Board level compatibility matching
Josh Boyer
jwboyer at linux.vnet.ibm.com
Fri Aug 1 22:06:32 EST 2008
On Fri, 01 Aug 2008 14:25:39 +1000
Benjamin Herrenschmidt <benh at kernel.crashing.org> wrote:
> About this whole generic board mumbo-jumbo: not happening. It's a pipe
> dream, it doesn't work, and it leads to the sort of mess we have in chrp
> where we end up having hacks to identify what exact sort of chrp we have
> and do things differently etc...
>
> NOT HAPPENING.
>
> Now, there are two approaches here that are possible:
>
> - Your board is really pretty much exactly the same as board XXX,
> except maybe you have a different flash size or such, and the support
> for board XXX can cope perfectly with it simply due to the device-tree
> the right information.
>
> If that happens to be the case, make your board compatible with board
> XXX. Make that entry -second- in your compatible list, because one day
> you'll figure out that there -is- indeed a difference and I don't want
> to see board XXX code start to grow code to recognise your other board
> and work around the difference. So at that stage, copy board XXX.c file
> and start over with your own board support that matches on your first
> compatible propery entry.
44x does this today for a small number of boards. The "issue", if
there really is one, is that there's no clear definition on what is
acceptable to be called "compatible". If _Linux_ platform support for
board FOO
>
> - Once you figure out that really, those 5 boards here -do- share 99%
> of the code... it's just that one need a workaround at the IRQ fixup
> level, maybe one needs a tweak on a GPIO at boot and one has an issue on
> reboot that needs to be whacked a bit differently ... well, make
> -library- code.
>
> I have no objection of having something like for each ppc_md field
> called X, having a utility file providing an mpc52xx_generic_X function.

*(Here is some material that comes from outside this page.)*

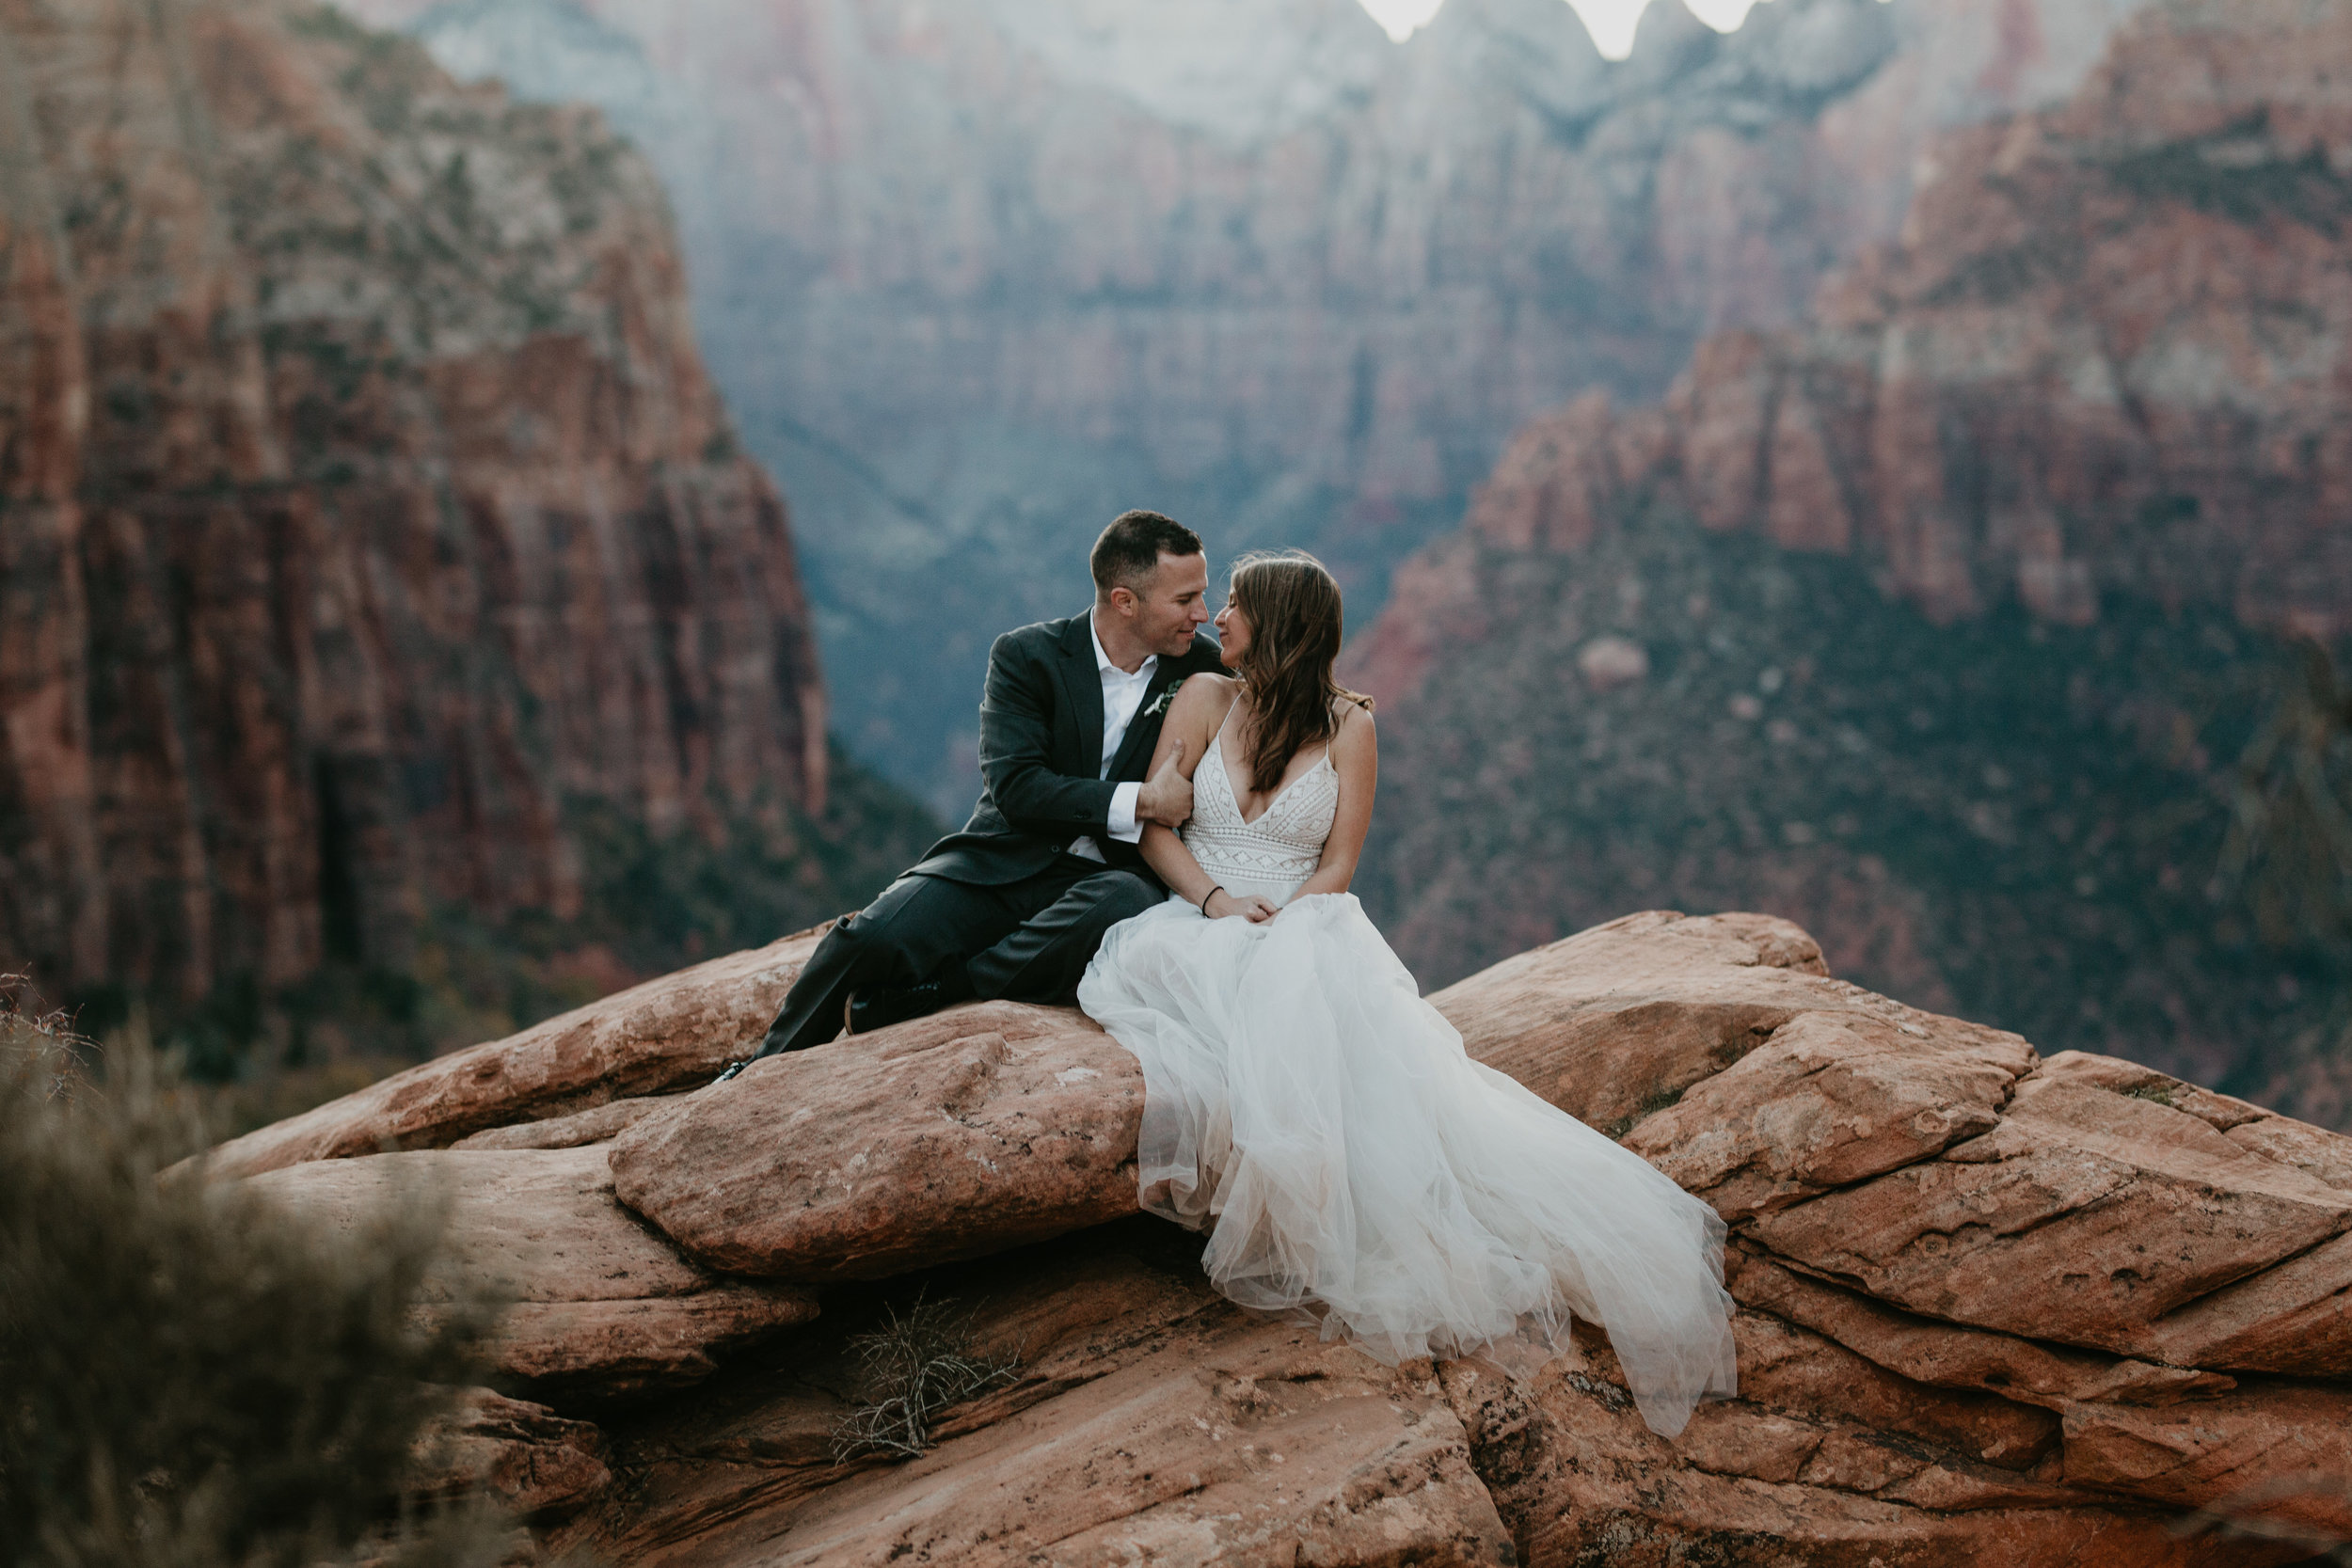 nicole-daacke-photography-zion-national-park-elopement-photographer-canyon-overlook-trail-elope-hiking-adventure-wedding-photos-fall-utah-red-rock-canyon-stgeorge-eloping-photographer-89.jpg
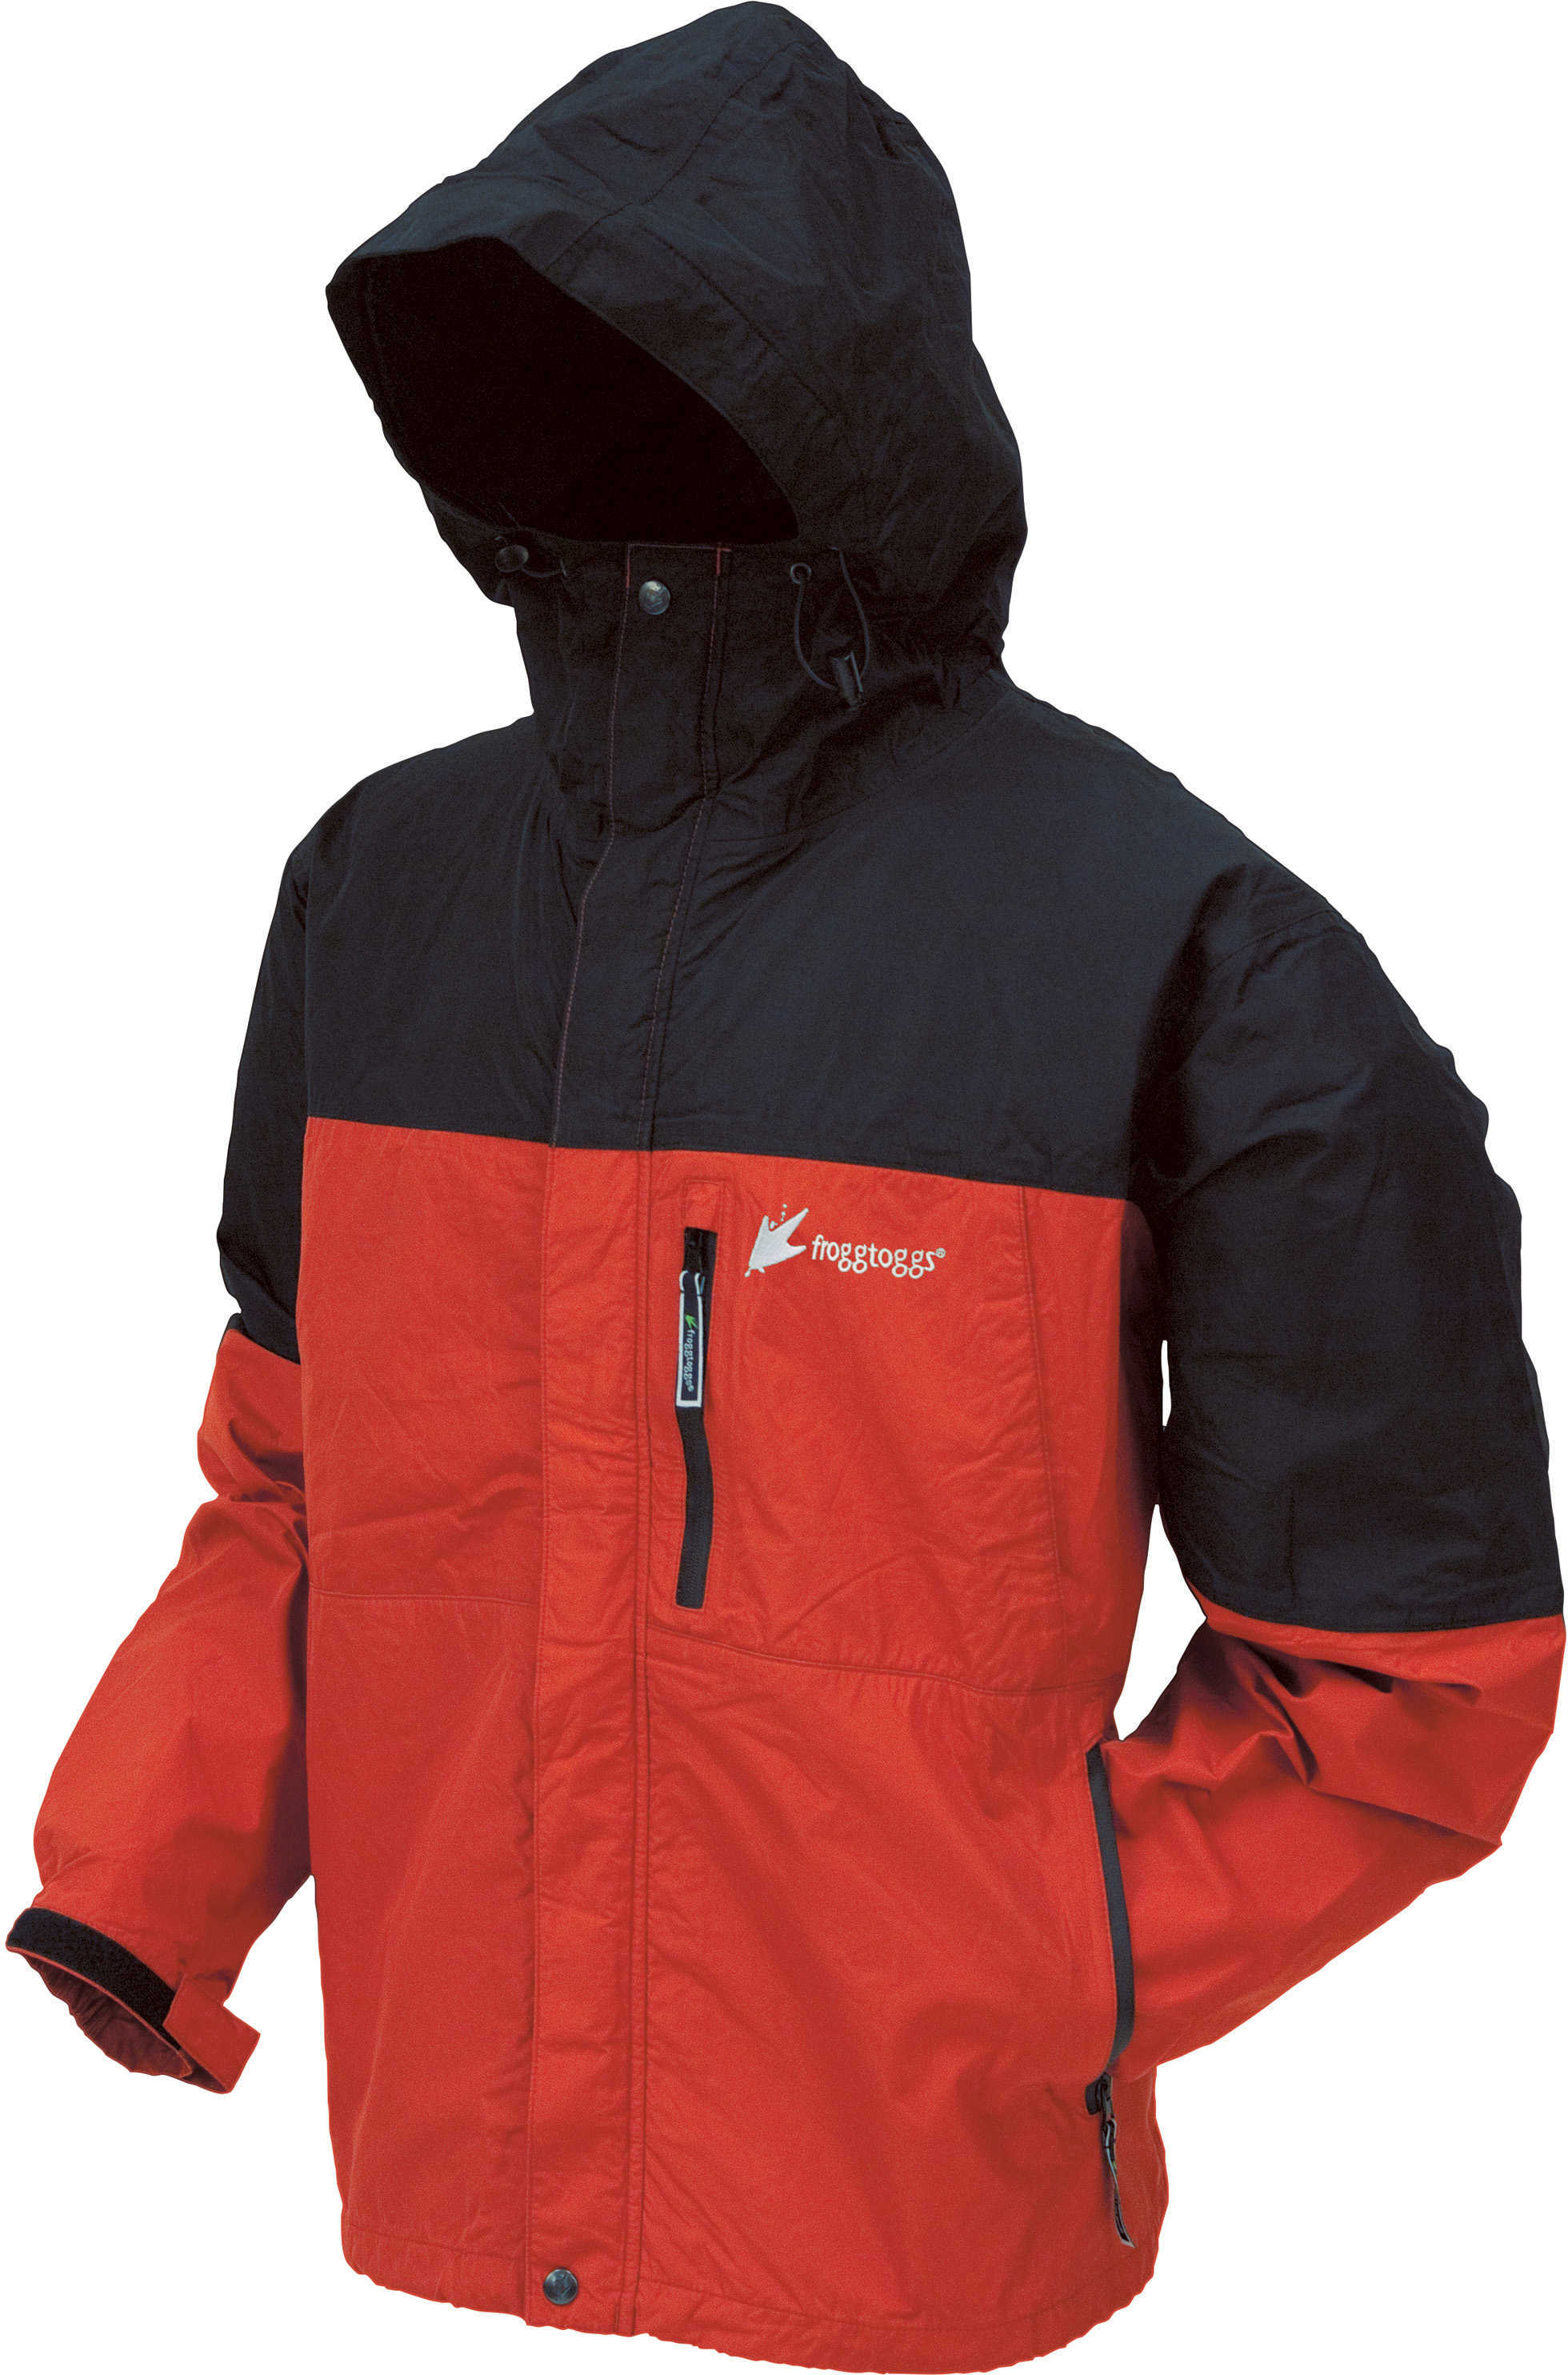 Frogg Toggs Toad-Rage Jacket Red/Black Large NT6601-110LG

> Such a board could then basically have a small .c file whose ppc_md just
> use the generic functions for all except the ones that need to be
> hooked/wrapped/replaced/whatever.
This is sort of the part that sucks. Look at 44x. There are 10
board.c files there. There really only needs to be 3 or 4 (sam440ep,
warp, virtex, and "generic") because the board files are identical in
everything except name. By doing the library code approach, one still
has to create a board.c file for a new board and plug in the library
functions to ppc_md.
Alternatively, you could do the:
compatible = "specific-board", "similar-board"
approach that has been done for e.g. Bamboo and Yosemite. Again, the
issue is that is that OK? Is it OK for a board to claim compatibility
with another board when it might not have all the devices of that
board, or might have additional devices, etc. I was of the opinion
it is, and the device tree handles this just fine, as does the platform
code. But it can be confusing, hence the discussion here.